しかし、実際は過去のしがらみや約束について、トラウマ、性格が変わった原因、現在の不安などが押し寄せてきているのだ。
「ふーん、よくわかんね。でも踏み出さないと何も始まらないでしょ」
「お前たまにまともなこと言うよな……」
「たまにってなんすか!?」
一之瀬の言うことは一里どころか百里くらいある。
そう、踏み出さなければ何も始まらない。どっちに転ぶにしろ、今はそれしか選択肢はないのだ。
逃げ出すことはできない。ならば覚悟を決めるべきだ。
「お兄ちゃん。そらね、どうしても秋野さんのことは好きになれなかったんだ」
「……お、おう?」
覚悟が決まらず震えていると、そらがそんなことを言い始めた。
秋野のことを好きになれない、何故だろう。普通に話しているところはよく見かけていたが。
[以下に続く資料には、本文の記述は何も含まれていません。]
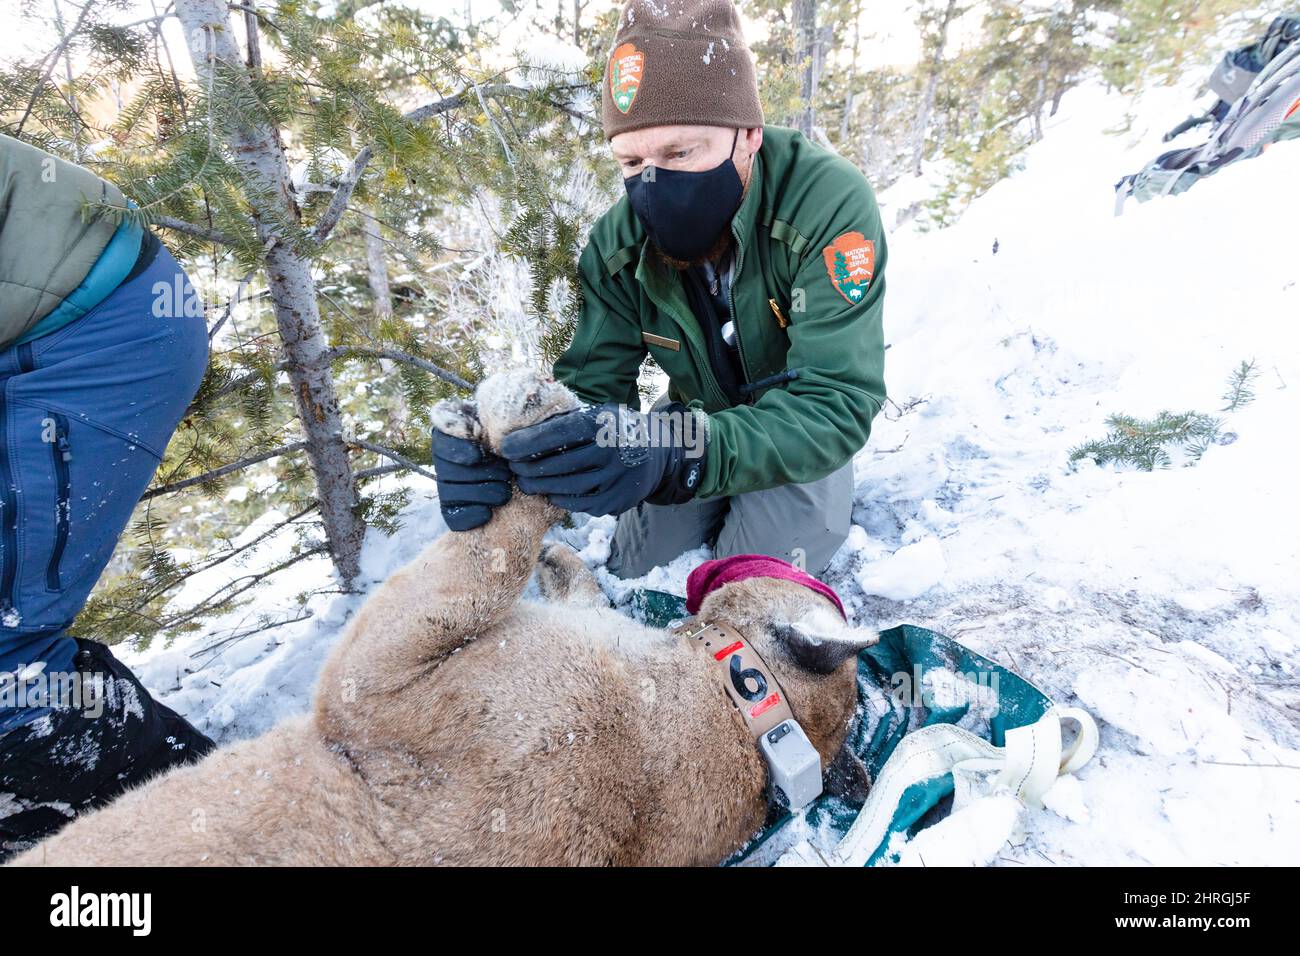 Park Service wildlife biologists check the health after adding a tracker to a male cougar captured in Yellowstone National Park, Wyoming. Stock Photo

「だって、秋野さんはお兄ちゃんを奪っていく人だから。昔から、そういう認識だったの」
「……」
「でもねお兄ちゃん。最近、寂しそうな顔するよね」
「そうか?」
「そうだよ。その原因も、秋野さんでしょ。嫉妬しちゃったよ、そら」
……そらがブラコンなことは知っていたが、まさかここまでとは思わなかった。
思いを伝えられ、嬉しく思った。愛されているんだと実感できた。本当にかわいい妹だ。
「でも、そらのせいで二人が会えなくなっちゃった。病気のせいだってことも理解してる。それでも、負い目はあるんだよ?」
「それは……」
「だからね、そらはお兄ちゃんに笑っていてほしい。あの頃、秋野さんの話をしている時のお兄ちゃんが一番幸せそうだったから、ずっと、そんな顔をしていてほしいの」
「……」
当時の俺は、そんなに幸せそうだったのか。
確かに楽しめてはいた、だけどみんなはどうだったか。秋野はどう思っていたか。
「そら、信じてる。きっと大丈夫だよ。また昔みたいになれるよ。あ、もし上手くいっても、そらのことも構ってね?」
そらの言葉に、自分が情けなくなる。
ここまで来て、引き下がれるわけがない。俺のために、秋野のために、そらのために、覚悟を決める。
これからはもっと楽しくなる。終わらない、終わらせない。昔みたいに遊びに誘って、また笑いあう。絶対にだ。
「……ああ、当然だ。俺はシスコンだからな」
「嬉しい! じゃ、行ってきて!」
「おう、待ってろ。全部終わらせてくる」
なんだか上手く乗せられたような気がするが、これでいい。
俺はベンチから立ち上がり、そらに背中を物理的に押されながら秋野のいるベンチに向かった。